Frey Heather A, Tuuli Methodius G, Shanks Anthony L, Macones George A, Cahill Alison G
Department of Obstetrics and Gynecology, Washington University in St. Louis, St. Louis, MO.
Department of Obstetrics and Gynecology, Washington University in St. Louis, St. Louis, MO.
Am J Obstet Gynecol. 2014 Dec;211(6):644.e1-8. doi: 10.1016/j.ajog.2014.06.033. Epub 2014 Jun 17.
Category II fetal heart rate (FHR) tracings are considered indeterminate; thus, improved risk stratification of category II FHR tracings is needed. We estimated whether the presence of meconium increased the risk of adverse neonatal outcomes.

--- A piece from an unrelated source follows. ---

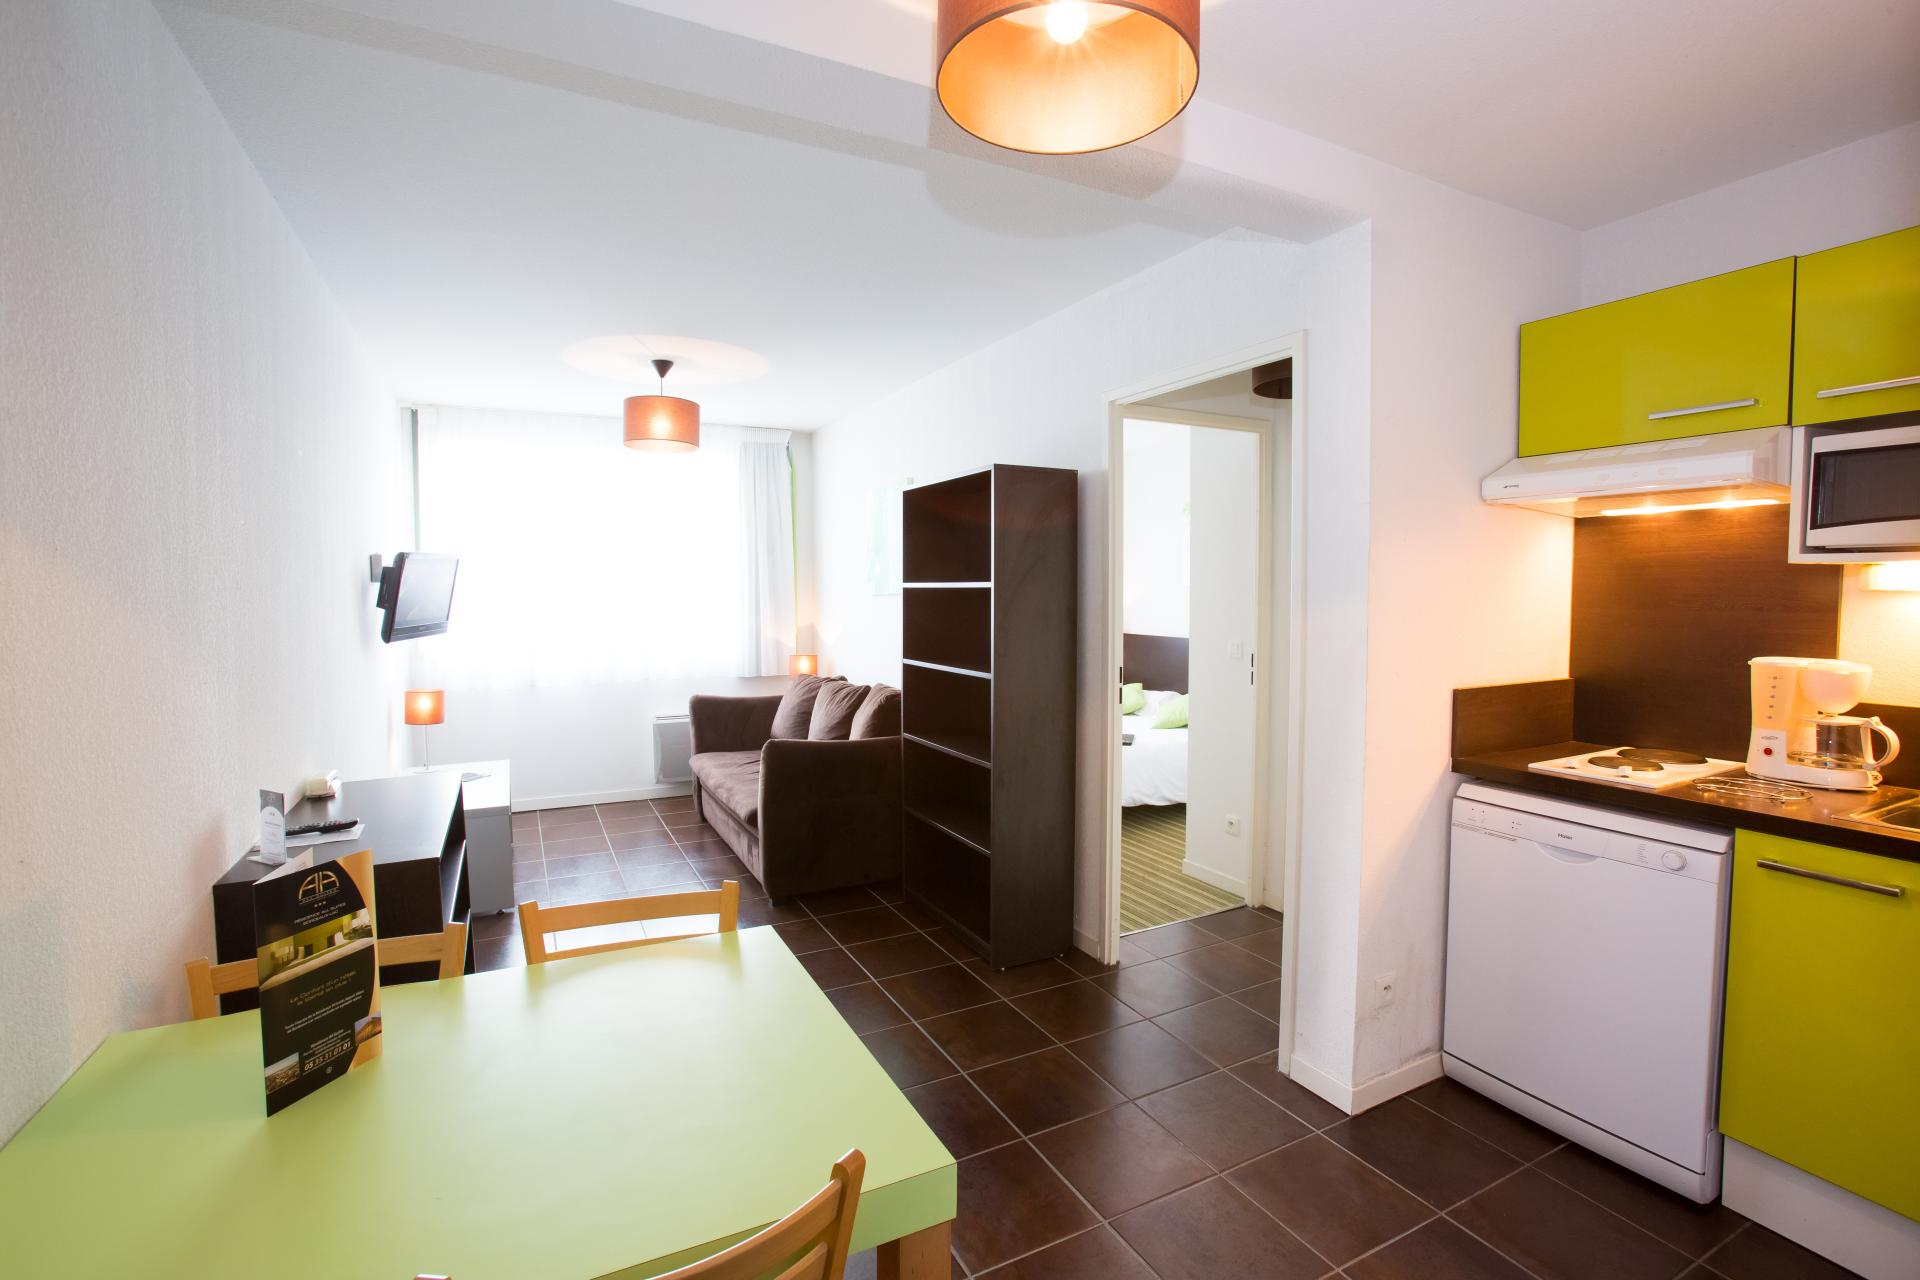 comment vendre son appartement. Black Bedroom Furniture Sets. Home Design Ideas

This study was conducted within a prospective cohort of 5000 women with singleton pregnancies who were admitted in labor at term. Pregnancies with category II FHR in the 60 minutes before delivery were included. FHR data were extracted by trained nurses who were blinded to clinical outcome. The exposure was the presence of meconium. The primary outcome was a composite neonatal morbidity defined as ≥1 of the following: neonatal death, neurologic morbidity, respiratory morbidity, hypotension that required treatment, and sepsis. Secondary outcomes were nursery admission, cord pH, 5-minute Apgar score, and components of the composite. Logistic regression was used to adjust for confounders.
Of the 3257 women with category II FHR tracings, 693 women (21.3%) had meconium, and 2564 women (78.7%) did not. Meconium was associated with higher risk of the composite morbidity (adjusted odds ratio, 2.49; 95% confidence interval, 1.78-3.48) and increased risks of the secondary outcomes. The associations remained significant when infants with meconium aspiration syndrome were excluded. Thick meconium was associated significantly with the composite morbidity.
The presence of meconium is associated with an increased risk of neonatal morbidity in women with category II FHR pattern. This clinical factor may assist clinicians in managing category II FHR patterns in labor.
II类胎儿心率(FHR)描记图被认为是不确定的;因此,需要改进对II类FHR描记图的风险分层。我们评估了胎粪的存在是否会增加不良新生儿结局的风险。
本研究在一个前瞻性队列中进行,该队列包括5000名单胎妊娠且足月入院分娩的妇女。纳入分娩前60分钟内出现II类FHR的妊娠。FHR数据由对临床结局不知情的训练有素的护士提取。暴露因素为胎粪的存在。主要结局是复合新生儿发病率,定义为以下至少一项:新生儿死亡、神经疾病、呼吸系统疾病、需要治疗的低血压和败血症。次要结局包括入住新生儿重症监护室、脐动脉血pH值、5分钟阿氏评分以及复合结局的各个组成部分。采用逻辑回归分析来调整混杂因素。
在3257例有II类FHR描记图的妇女中,693例(21.3%)有胎粪,2564例(78.7%)没有。胎粪与复合发病率的较高风险相关(校正比值比为2.49;95%置信区间为1.78 - 3.48),且与次要结局的风险增加相关。排除胎粪吸入综合征的婴儿后,这些关联仍然显著。浓稠胎粪与复合发病率显著相关。
在有II类FHR模式的妇女中,胎粪的存在与新生儿发病风险增加相关。这一临床因素可能有助于临床医生处理产程中的II类FHR模式。